Would you please copy the part of the material below that opens with the line containing "BleuCorail En NwO0PkX8n" and closes with the line containing "Tênis Masculino Adidas"? Copy it exactly, and only it.
------------------------------------
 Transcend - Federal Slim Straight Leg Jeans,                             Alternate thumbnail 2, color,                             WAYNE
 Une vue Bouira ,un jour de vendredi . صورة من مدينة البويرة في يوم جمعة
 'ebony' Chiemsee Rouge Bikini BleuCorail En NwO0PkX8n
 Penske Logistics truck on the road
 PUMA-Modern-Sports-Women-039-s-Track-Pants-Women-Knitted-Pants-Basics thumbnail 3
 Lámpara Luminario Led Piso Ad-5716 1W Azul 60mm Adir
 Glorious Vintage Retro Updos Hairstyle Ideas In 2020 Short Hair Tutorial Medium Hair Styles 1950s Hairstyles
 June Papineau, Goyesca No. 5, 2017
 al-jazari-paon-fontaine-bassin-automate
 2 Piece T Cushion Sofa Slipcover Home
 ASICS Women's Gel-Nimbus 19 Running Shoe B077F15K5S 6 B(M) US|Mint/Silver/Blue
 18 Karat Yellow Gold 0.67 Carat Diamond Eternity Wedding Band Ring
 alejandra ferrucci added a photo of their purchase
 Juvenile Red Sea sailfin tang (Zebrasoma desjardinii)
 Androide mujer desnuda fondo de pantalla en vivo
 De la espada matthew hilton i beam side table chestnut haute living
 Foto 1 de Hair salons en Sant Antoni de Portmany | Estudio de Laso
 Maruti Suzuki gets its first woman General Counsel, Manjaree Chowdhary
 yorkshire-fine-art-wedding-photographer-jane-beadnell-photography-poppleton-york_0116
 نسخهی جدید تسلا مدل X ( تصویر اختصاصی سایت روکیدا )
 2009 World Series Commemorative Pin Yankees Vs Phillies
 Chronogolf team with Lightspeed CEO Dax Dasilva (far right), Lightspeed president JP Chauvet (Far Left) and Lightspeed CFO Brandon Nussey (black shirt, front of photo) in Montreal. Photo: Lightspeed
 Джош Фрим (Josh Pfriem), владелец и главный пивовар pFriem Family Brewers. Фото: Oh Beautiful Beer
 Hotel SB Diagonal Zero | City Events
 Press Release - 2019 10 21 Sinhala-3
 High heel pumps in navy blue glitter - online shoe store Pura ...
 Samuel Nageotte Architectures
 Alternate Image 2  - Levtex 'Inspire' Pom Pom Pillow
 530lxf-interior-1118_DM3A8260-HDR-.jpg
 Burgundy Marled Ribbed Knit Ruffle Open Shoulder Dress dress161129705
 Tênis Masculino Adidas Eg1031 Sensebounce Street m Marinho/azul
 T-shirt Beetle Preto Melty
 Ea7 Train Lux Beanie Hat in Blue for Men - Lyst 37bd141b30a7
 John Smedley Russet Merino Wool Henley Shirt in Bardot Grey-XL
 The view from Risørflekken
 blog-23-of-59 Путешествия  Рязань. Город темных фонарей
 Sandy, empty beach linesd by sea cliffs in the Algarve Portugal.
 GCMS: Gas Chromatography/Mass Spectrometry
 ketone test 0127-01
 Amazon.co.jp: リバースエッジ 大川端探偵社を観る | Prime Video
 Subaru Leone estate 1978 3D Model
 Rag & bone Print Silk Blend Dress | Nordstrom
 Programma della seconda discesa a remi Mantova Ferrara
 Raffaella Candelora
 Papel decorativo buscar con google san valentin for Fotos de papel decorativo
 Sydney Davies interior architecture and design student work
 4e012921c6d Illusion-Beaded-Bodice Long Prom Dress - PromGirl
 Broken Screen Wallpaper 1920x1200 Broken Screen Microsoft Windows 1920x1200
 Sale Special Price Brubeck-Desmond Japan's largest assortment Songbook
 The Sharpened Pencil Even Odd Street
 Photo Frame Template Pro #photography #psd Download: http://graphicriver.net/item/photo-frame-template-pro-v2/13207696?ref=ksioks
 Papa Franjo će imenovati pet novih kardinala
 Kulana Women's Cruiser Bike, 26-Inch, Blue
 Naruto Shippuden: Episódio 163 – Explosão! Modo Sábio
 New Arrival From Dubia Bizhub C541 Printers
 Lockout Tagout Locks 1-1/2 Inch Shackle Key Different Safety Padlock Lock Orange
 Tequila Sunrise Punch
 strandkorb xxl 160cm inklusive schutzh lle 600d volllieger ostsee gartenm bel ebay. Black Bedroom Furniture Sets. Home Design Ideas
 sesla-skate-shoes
------------------------------------
*ANSWER SPACE*
 'ebony' Chiemsee Rouge Bikini BleuCorail En NwO0PkX8n
 Penske Logistics truck on the road
 PUMA-Modern-Sports-Women-039-s-Track-Pants-Women-Knitted-Pants-Basics thumbnail 3
 Lámpara Luminario Led Piso Ad-5716 1W Azul 60mm Adir
 Glorious Vintage Retro Updos Hairstyle Ideas In 2020 Short Hair Tutorial Medium Hair Styles 1950s Hairstyles
 June Papineau, Goyesca No. 5, 2017
 al-jazari-paon-fontaine-bassin-automate
 2 Piece T Cushion Sofa Slipcover Home
 ASICS Women's Gel-Nimbus 19 Running Shoe B077F15K5S 6 B(M) US|Mint/Silver/Blue
 18 Karat Yellow Gold 0.67 Carat Diamond Eternity Wedding Band Ring
 alejandra ferrucci added a photo of their purchase
 Juvenile Red Sea sailfin tang (Zebrasoma desjardinii)
 Androide mujer desnuda fondo de pantalla en vivo
 De la espada matthew hilton i beam side table chestnut haute living
 Foto 1 de Hair salons en Sant Antoni de Portmany | Estudio de Laso
 Maruti Suzuki gets its first woman General Counsel, Manjaree Chowdhary
 yorkshire-fine-art-wedding-photographer-jane-beadnell-photography-poppleton-york_0116
 نسخهی جدید تسلا مدل X ( تصویر اختصاصی سایت روکیدا )
 2009 World Series Commemorative Pin Yankees Vs Phillies
 Chronogolf team with Lightspeed CEO Dax Dasilva (far right), Lightspeed president JP Chauvet (Far Left) and Lightspeed CFO Brandon Nussey (black shirt, front of photo) in Montreal. Photo: Lightspeed
 Джош Фрим (Josh Pfriem), владелец и главный пивовар pFriem Family Brewers. Фото: Oh Beautiful Beer
 Hotel SB Diagonal Zero | City Events
 Press Release - 2019 10 21 Sinhala-3
 High heel pumps in navy blue glitter - online shoe store Pura ...
 Samuel Nageotte Architectures
 Alternate Image 2  - Levtex 'Inspire' Pom Pom Pillow
 530lxf-interior-1118_DM3A8260-HDR-.jpg
 Burgundy Marled Ribbed Knit Ruffle Open Shoulder Dress dress161129705
 Tênis Masculino Adidas Eg1031 Sensebounce Street m Marinho/azul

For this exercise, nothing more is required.